There are a number of techniques you can use to speed up an Oracle Import, some of which I'll describe here. This is not any attempt at a comprehensive list, just some of the main techniques I have used that can really speed up some parts of an import. I've seen a standard import come down from 2.5 hours to about 0.75 hours using these techniques.

The first thing to realise is that an exported dump file is a "logical" dump of the database - it contains the SQL statements necessary to recreate all the database structures, and the data records to be loaded into each table. The import works by executing these SQL statements against the target database, thus recreating the contents of the original database that was exported. We can leverage this to our advantage in various ways.

The objects and their corresponding SQL are in a certain order in the exported dump file, and they are imported in a strict sequence by the "impdp" utility. This order is roughly the following for the main objects (it is not a complete or absolute list, as I have simplified some of the details a bit):
  • Sequences
  • Tables - Creation, but no data
  • Table Data
  • Indexes
  • Constraints - Check & Referential
  • Packages, Functions, Procedures
  • Views
  • Triggers
  • Functional and Bitmap Indexes
  • Materialized Views
When you run a full import, each of these sets of objects is done in turn, one after the other. This means that the import is not really parallelised. There is a PARALLEL option, but this only really affects the "Table Data" section, and allows multiple slave readers of the table data to run INSERT statements i.e. different tables can be loaded at the same time, but that is all. The PARALLEL option does not affect other options, such as index builds, which is a shame.

 

Its all about Disk Bandwidth

Before I get into specific techniques, I want to point out that an Oracle Import is fundamentally a disk I/O bound task. The techniques I'll be describing will be using parallelism of various forms to get more work done at the same time on the system, to reduce the total elapsed time. And this in turn will produce more disk I/O operations running at the same time. So you will ultimately be limited by the system's ability to get data off and on to the disks, rather than being limited by the amount of CPU or Memory it has in it.

Consider how each of the object types in turn is created within the database during the import:
  • The initial table data load is mainly disk I/O - read all the data records from the dump file and INSERT
  • Index creation is mainly disk I/O - read all the data in the table, sort it for the index, write the index to disk
  • Constraints are mainly disk I/O - read all the data in one table and verify value or existence in another table
  • Materialized Views involve executing the SELECT to populate the MV on disk
Yes, some CPU will be used (certainly for data load and index creation), but the CPU's must each be fed with data from disk to keep them busy. So CPU utilisation can only go up by increasing the disk bandwidth used.

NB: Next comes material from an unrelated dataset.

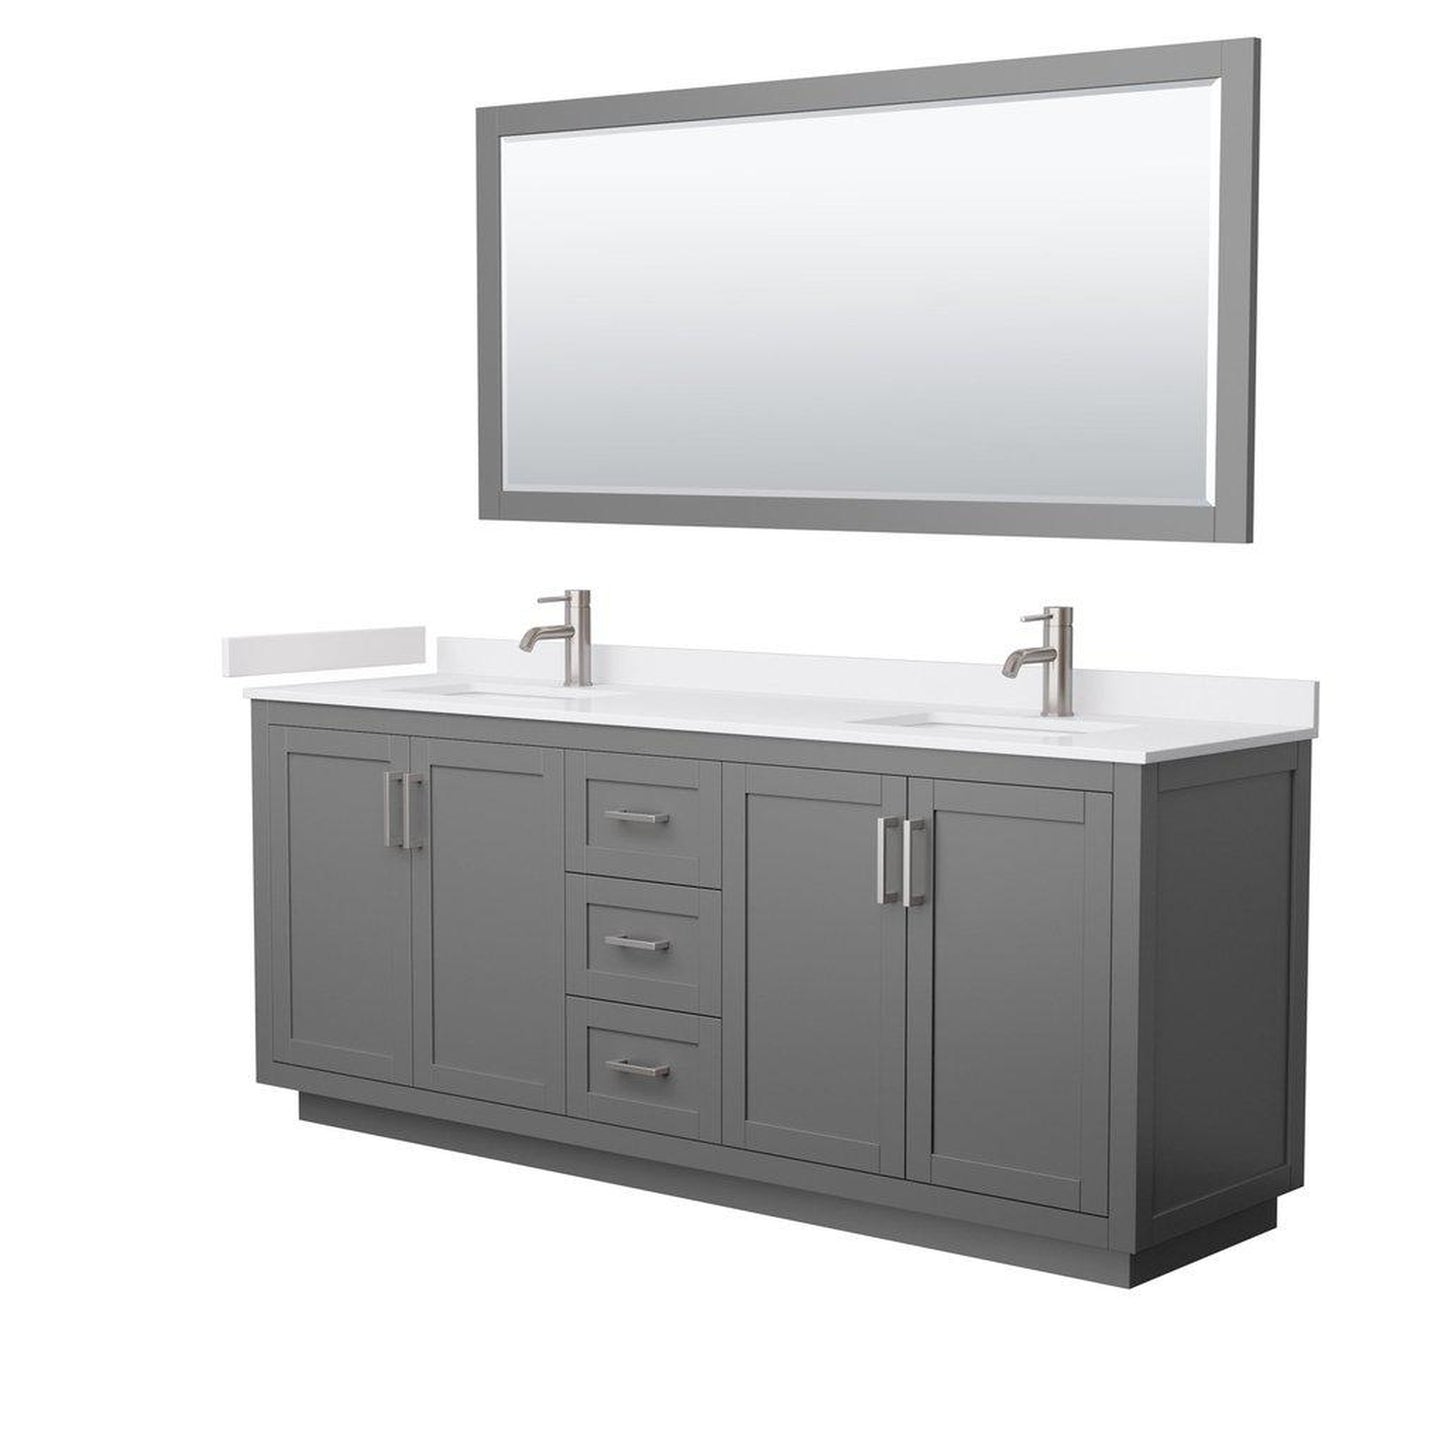 Wyndham Collection Miranda 80" Double Bathroom Dark Gray Vanity Set With White Cultured Marble Countertop, Undermount Square Sink, 70" Mirror And Brushed Nickel Trim
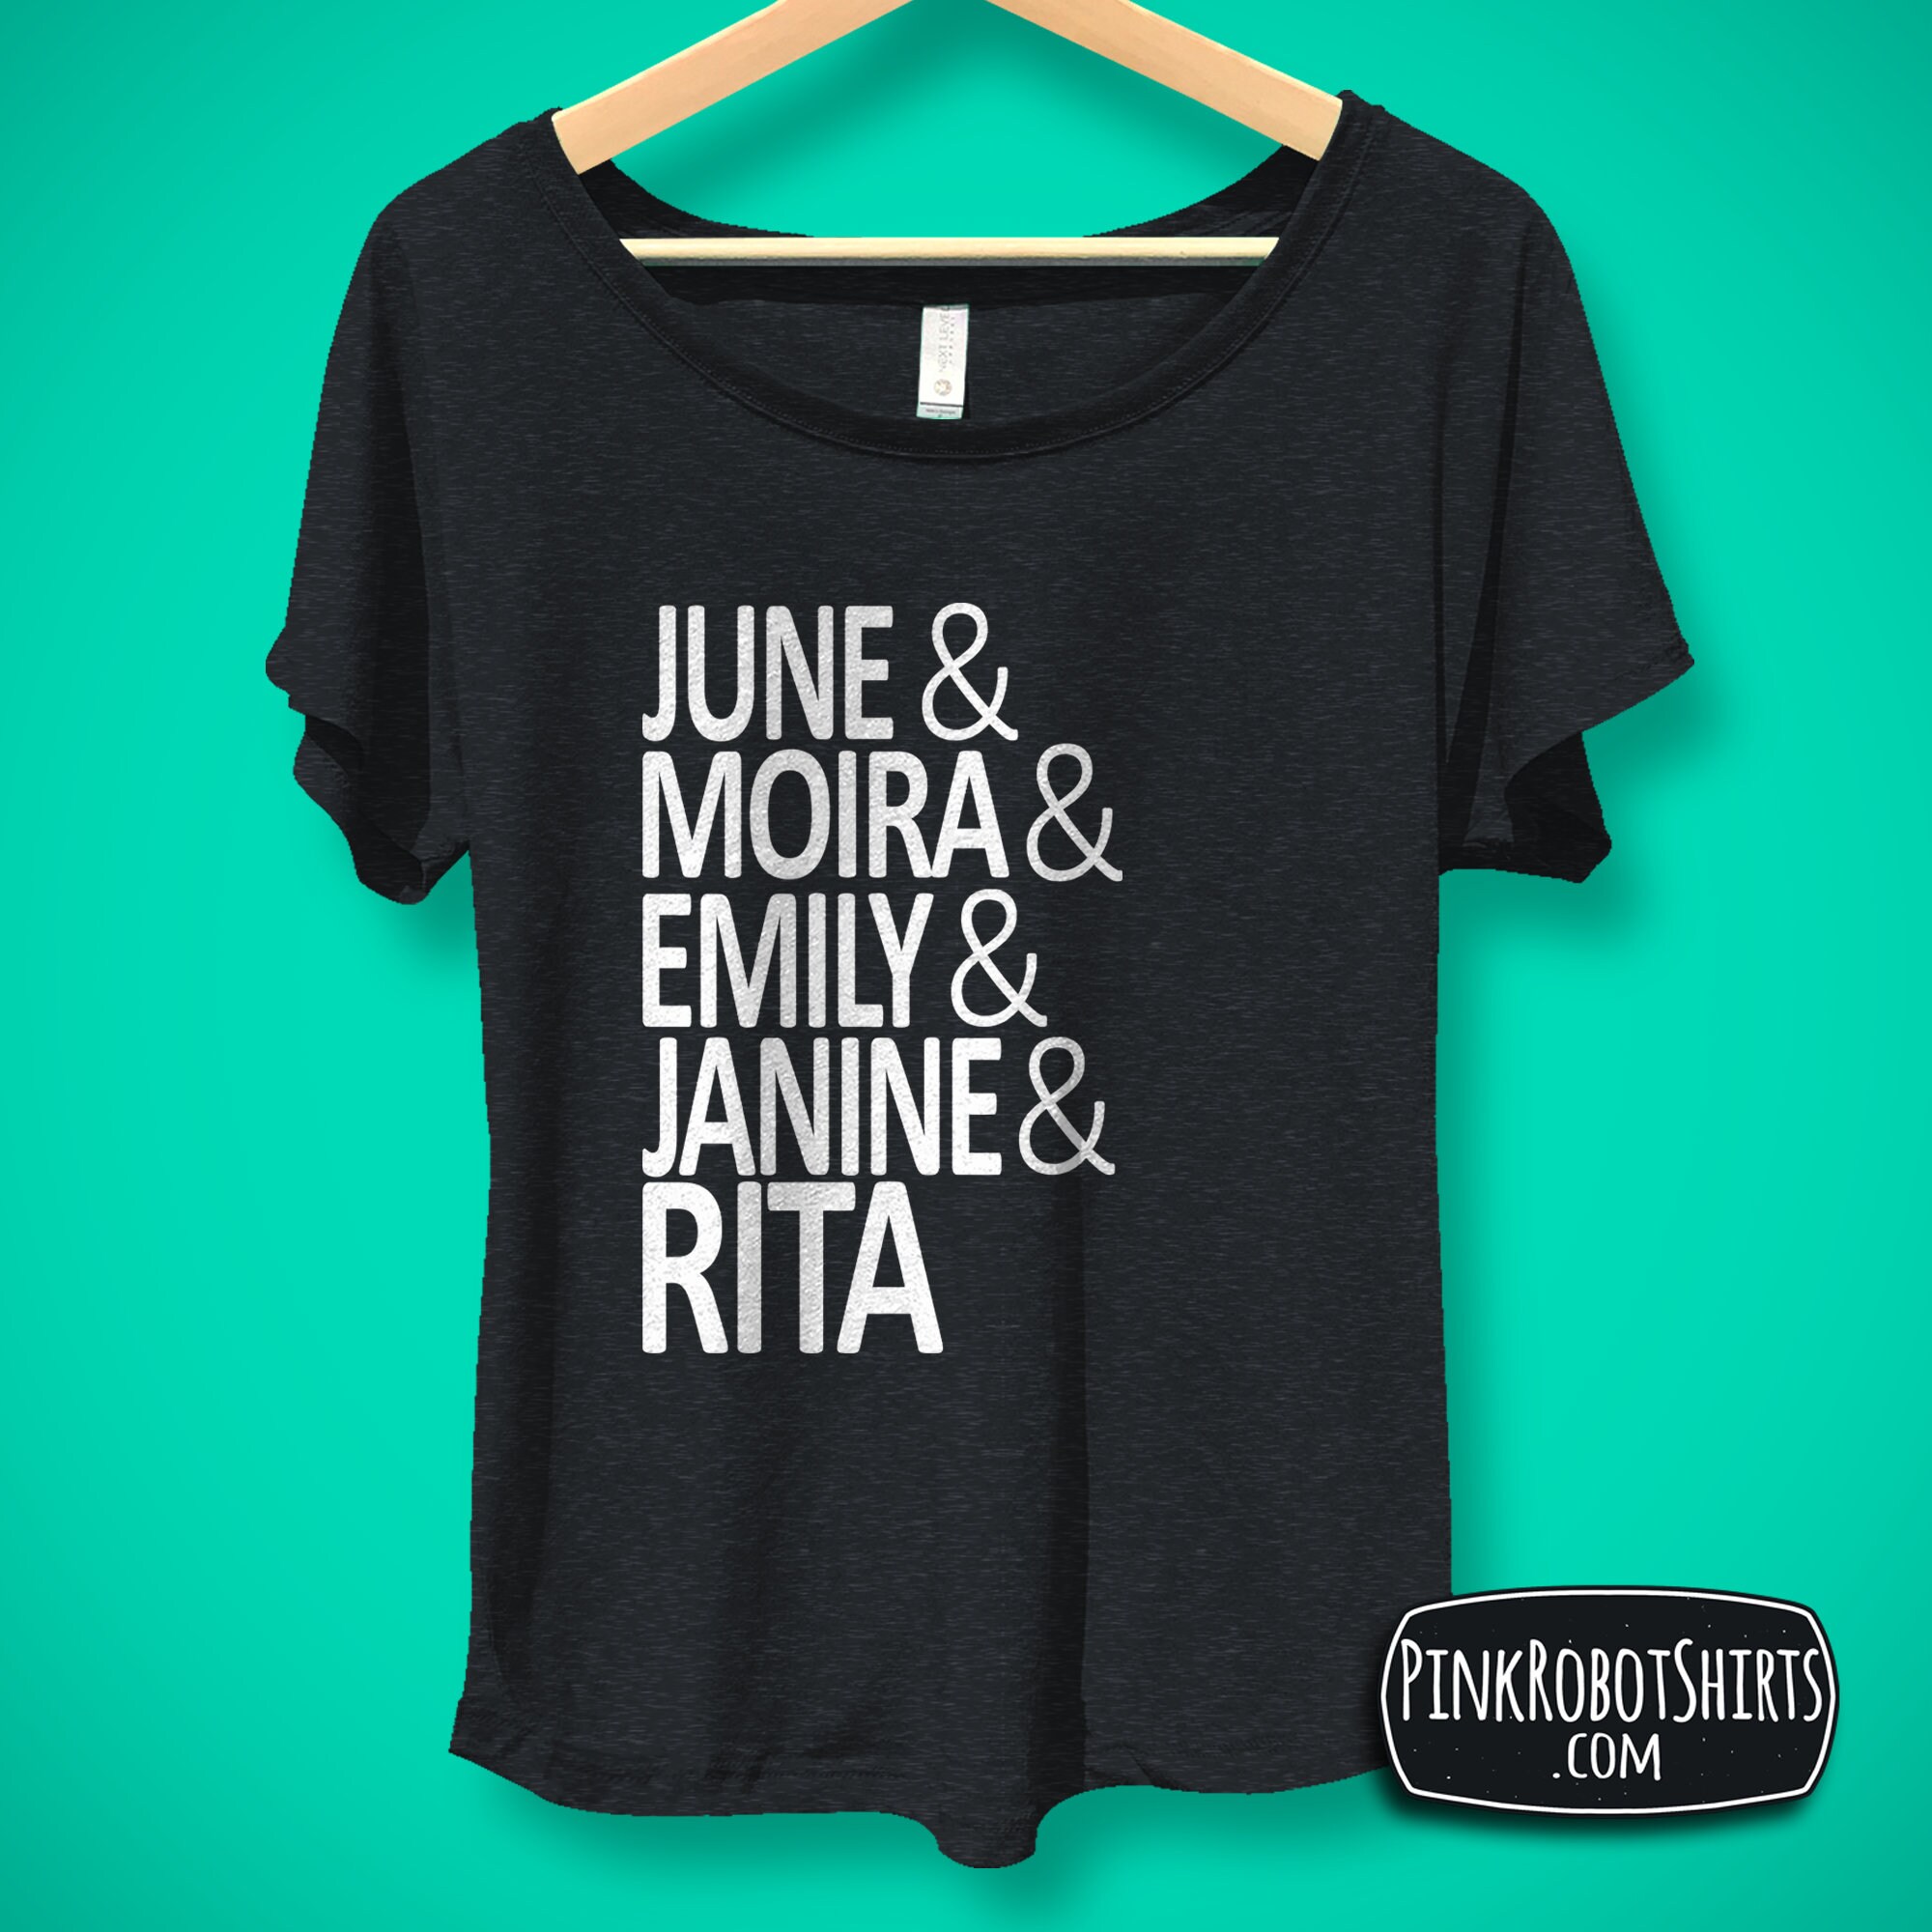 Handmaids Tale Shirt The Handmaid'S Tale Shirt June And Moira And Emily And Janine And Rita Shirt Resistance Goals Shirt

In my experience it is the index creation and the referential integrity constraints that take the longest elapsed time during imports, due to their need to always read all the data records in a table.

 

Divide And Conquer

The main technique I use to speed up an import is to import each object type separately via its own "impdp" command, using the "INCLUDE" option to only do those type of objects. While this does not directly speed up the import itself, it sets the foundation for being able to do so. Now we have a series of individual import commands to import the whole database, we can then sub-divide these up within themselves.

So instead of loading data into all the tables in one command, which does them sequentially one after the other, we can run separate import commands at the same time for each of the largest tables, and run another import command for all the other tables (using the EXCLUDE option to omit the largest tables). Now we have a high level of parallelism within the table data load, which we can fine tune based on the relative sizes of our tables and the disk I/O bandwidth available on the system.

 

Parallelizing Indexes

We could use a similar technique on indexes of doing different tables at the same time, but this can have other issues to deal with e.g. an increase in the amount of temporary tablespace storage used. Also you will probably be limited by the time taken for all of the indexes on the largest table in the database, which would be built serially one after the other.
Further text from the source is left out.